[MATERIAL SUPPLIED]

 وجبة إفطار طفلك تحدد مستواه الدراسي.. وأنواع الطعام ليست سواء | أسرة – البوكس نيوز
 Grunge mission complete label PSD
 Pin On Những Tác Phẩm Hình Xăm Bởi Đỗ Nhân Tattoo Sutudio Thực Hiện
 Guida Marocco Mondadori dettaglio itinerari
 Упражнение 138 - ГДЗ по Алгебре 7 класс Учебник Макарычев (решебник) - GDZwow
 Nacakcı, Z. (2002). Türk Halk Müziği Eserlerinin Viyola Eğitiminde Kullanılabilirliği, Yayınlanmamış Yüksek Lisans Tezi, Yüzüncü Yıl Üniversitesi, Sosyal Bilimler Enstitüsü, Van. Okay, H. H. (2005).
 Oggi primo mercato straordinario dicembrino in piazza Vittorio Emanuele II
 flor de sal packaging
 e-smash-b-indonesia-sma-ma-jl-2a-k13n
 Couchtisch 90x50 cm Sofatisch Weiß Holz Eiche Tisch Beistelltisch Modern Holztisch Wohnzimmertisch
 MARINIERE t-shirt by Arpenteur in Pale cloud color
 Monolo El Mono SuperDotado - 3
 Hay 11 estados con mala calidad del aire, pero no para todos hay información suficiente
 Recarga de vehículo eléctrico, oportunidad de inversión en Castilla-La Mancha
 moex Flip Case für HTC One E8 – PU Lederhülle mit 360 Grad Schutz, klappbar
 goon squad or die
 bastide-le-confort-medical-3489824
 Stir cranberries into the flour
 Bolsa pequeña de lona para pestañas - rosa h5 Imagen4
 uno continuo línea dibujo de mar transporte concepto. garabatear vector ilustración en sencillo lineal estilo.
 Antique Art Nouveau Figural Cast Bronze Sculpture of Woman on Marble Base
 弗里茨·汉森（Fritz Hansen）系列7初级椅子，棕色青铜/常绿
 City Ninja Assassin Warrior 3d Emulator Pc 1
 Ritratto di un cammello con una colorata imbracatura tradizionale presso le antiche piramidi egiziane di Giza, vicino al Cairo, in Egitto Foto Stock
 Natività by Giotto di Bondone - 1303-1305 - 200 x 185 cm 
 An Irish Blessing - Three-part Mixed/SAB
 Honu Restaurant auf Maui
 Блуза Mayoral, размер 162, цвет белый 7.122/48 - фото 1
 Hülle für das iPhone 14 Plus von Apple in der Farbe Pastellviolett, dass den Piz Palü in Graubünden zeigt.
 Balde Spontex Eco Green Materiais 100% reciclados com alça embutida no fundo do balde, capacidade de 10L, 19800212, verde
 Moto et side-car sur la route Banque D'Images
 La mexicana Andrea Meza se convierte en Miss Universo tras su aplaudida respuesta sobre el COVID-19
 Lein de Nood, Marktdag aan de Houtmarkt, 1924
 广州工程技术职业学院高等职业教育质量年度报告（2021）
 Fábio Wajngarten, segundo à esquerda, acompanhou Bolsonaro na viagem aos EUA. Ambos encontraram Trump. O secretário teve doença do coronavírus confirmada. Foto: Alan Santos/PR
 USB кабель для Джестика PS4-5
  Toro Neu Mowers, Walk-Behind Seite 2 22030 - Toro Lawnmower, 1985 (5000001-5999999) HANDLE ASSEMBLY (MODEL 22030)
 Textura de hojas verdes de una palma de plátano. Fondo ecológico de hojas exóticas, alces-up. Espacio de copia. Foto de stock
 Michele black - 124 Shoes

[/MATERIAL SUPPLIED]

TASK STATEMENT >> The answer should be exactly the lines from the one that contains "Toro Neu Mowers, Walk-Behind" through the end of the entries, both ends included, and nothing besides.

EXPECTED ANSWER >>
  Toro Neu Mowers, Walk-Behind Seite 2 22030 - Toro Lawnmower, 1985 (5000001-5999999) HANDLE ASSEMBLY (MODEL 22030)
 Textura de hojas verdes de una palma de plátano. Fondo ecológico de hojas exóticas, alces-up. Espacio de copia. Foto de stock
 Michele black - 124 Shoes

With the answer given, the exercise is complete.